2.1 Textual Evaluation of Systems

The textual evaluation of systems consists of using user narratives in order to evaluate or obtain some perception about the system to be evaluated [12]. It is possible to evaluate one or more criteria of quality of use with textual evaluation, such as usability, UX and/or its facets (satisfaction, memorability, learnability, efficiency, effectiveness, comfort, support, etc.) [6, 9, 12, 13, 21]. Other criteria can be evaluated, such as privacy [11], credibility [3, 11] and security [23]. Evaluation forms vary from identifying the context of use to identifying the facets of Usability or UX. Some papers have analyzed specifically the most satisfactory and unsatisfactory user experiences with interactive systems [5, 20, 21, 26].

The textual evaluation can be manual, through questionnaires with questions about the use of the system or experience reports, in which the users are requested to describe their perceptions or sentiments about the use of the system. The other way is automatic: evaluators can collect product evaluations on rating sites [6] or extract PRUs from Social Systems (SS) [10, 12,13,14,15, 17, 19]. The automatic form allows more spontaneous reports, including doubts when using the system, but, on the other hand, may also contain many texts that are not related to the use of the system, and these must be discarded.

Textual evaluation has its advantages and disadvantages, similar to other types of HCI assessment, such as user testing, heuristic evaluation, among others. The main advantage is to consider users’ spontaneous opinions about the system, including their doubts. The main disadvantage is the long time of texts analysis.

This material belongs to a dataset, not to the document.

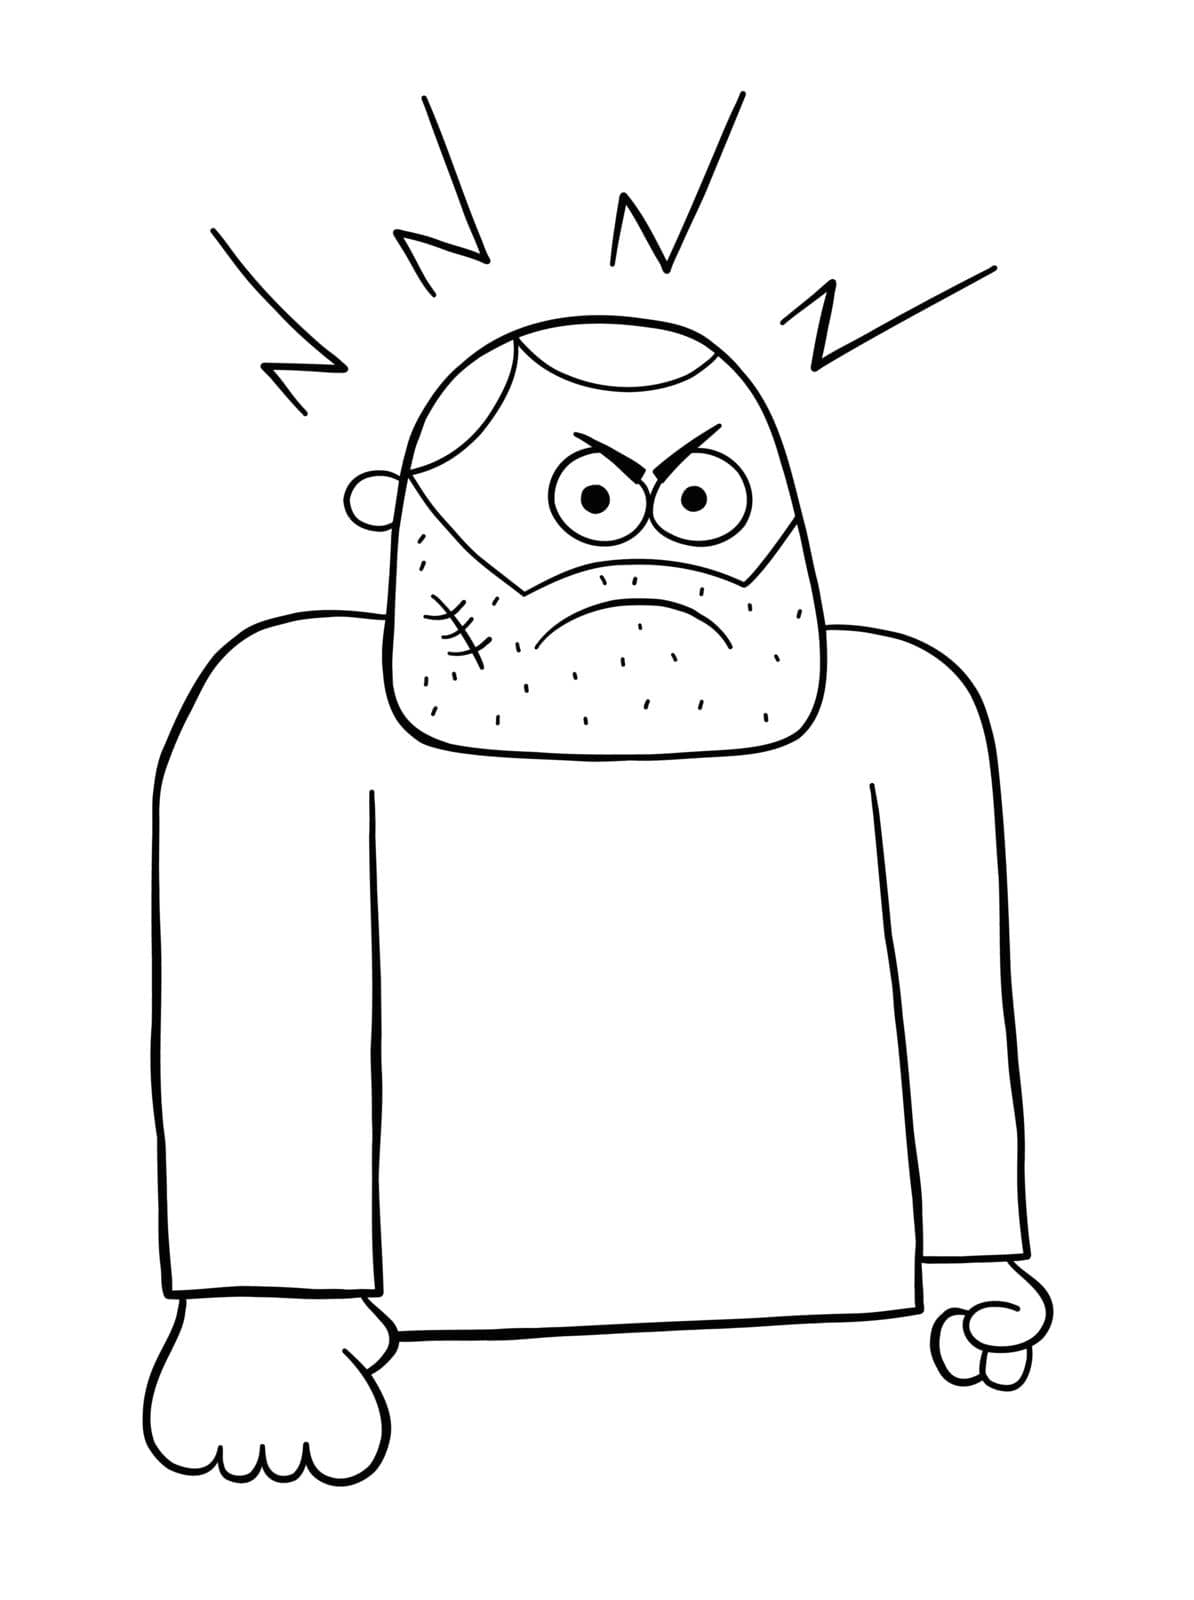 Cartoon angry bad man, vector illustration. Black outlined and white colored.

However, there are few initiatives of automatic textual evaluations [16], since it is an new evaluation type.

2.2 The Maltu Methodology

The MALTU methodology [12] for the Usability and UX (UUX) textual evaluation, mentioned in the introduction, consists in using user-generated narratives (postings) done in the own system, usually a SS, where spontaneous comments about the system are reported by users while using it; or from the extraction of postings on product/service evaluation websites [4, 25]. A user’s posting can have more than one sentence, which in turn has multiple terms (words, symbols, scores), and those can help investigate what motivated (the cause of the problem) the user to write their posting, as well as what their reaction (behavior) was to the system in use, for example.

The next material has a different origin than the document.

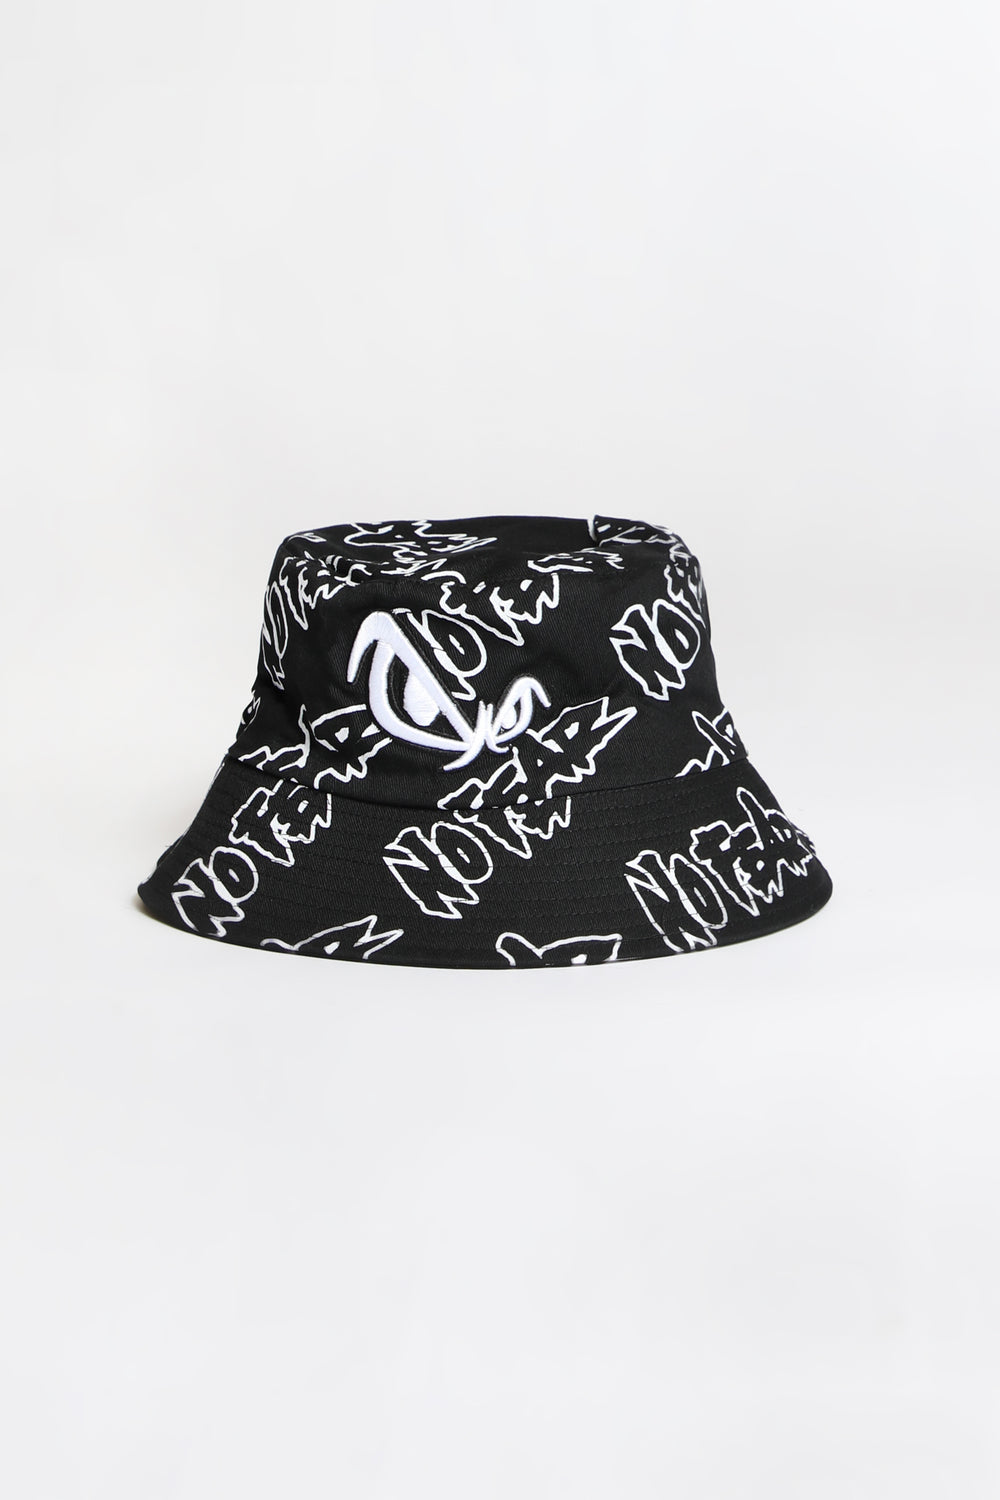 No Fear Youth Reversible Patch Bucket Hat Black

The methodology uses five steps for evaluation: (1) definition of the evaluation context; (2) extraction of PRUs; (3) classification of PRUs; (4) results and (5) report of results. In step 1, we define the system under evaluation; the users whose opinion matters to the evaluators; and the purpose of the evaluation. In step 2, the extraction of PRUs can be carried out either manually or automatically, by using the patterns of extraction proposed by the methodology described in [12]. When the extraction is manually done, the evaluators should use the search fields of the system under evaluation by informing the extraction patterns for the recovery of PRUs. When extraction is done automatically, the evaluators should use a posting extraction tool [16]. In step 3, we apply a process of classification of PRUs. This step can also be performed either manually or automatically (by using a tool [16]). When this step is performed manually, the sentences are analyzed by specialists for classification. The methodology proposes the minimum number of two specialists for classification. In addition to the previously mentioned criteria (classification by UUX facets, type of posting: complaint, doubt, praise), it is possible to analyze the user’s feelings and intentions regarding the system in use and identify the functionality that may be the cause of the problem. In step 4, we interpret the results, and in step 5 we report them. In the next section, these steps will be more detailed in the evaluation of the academic system.

3 Related Works

Some studies that have focused on user narratives in order to study or evaluate usability or UX. In [5], the authors, focusing on studying UX from positive experiences of users, collected 500 texts written by users of interactive products (cell phones, computers etc.) and presented studies about positive experiences with interactive products. In [9], the authors collected 116 reports of users’ experiences about their personal products (smartphones and MP3 players) in order to evaluate the UX of these products. Users had to report their personal feelings, values and interests related to the moment at which they used those. In [20], the authors collected 90 written reports of beginners in mobile applications of augmented reality. The focus was also evaluating the UX of these products, and the analysis consisted in determining the subject of each text and classifying them, by focusing attention on the most satisfactory and most unsatisfactory experiences. Following this line, in [26], the authors studied 691 narratives generated by users with positive and negative experiences in technologies in order to study the UX from them.

In the four studies mentioned above, the information was manually extracted from texts generated by users. The users were specifically asked to write texts or answer a questionnaire, unlike the spontaneous gathering of what they post on the system.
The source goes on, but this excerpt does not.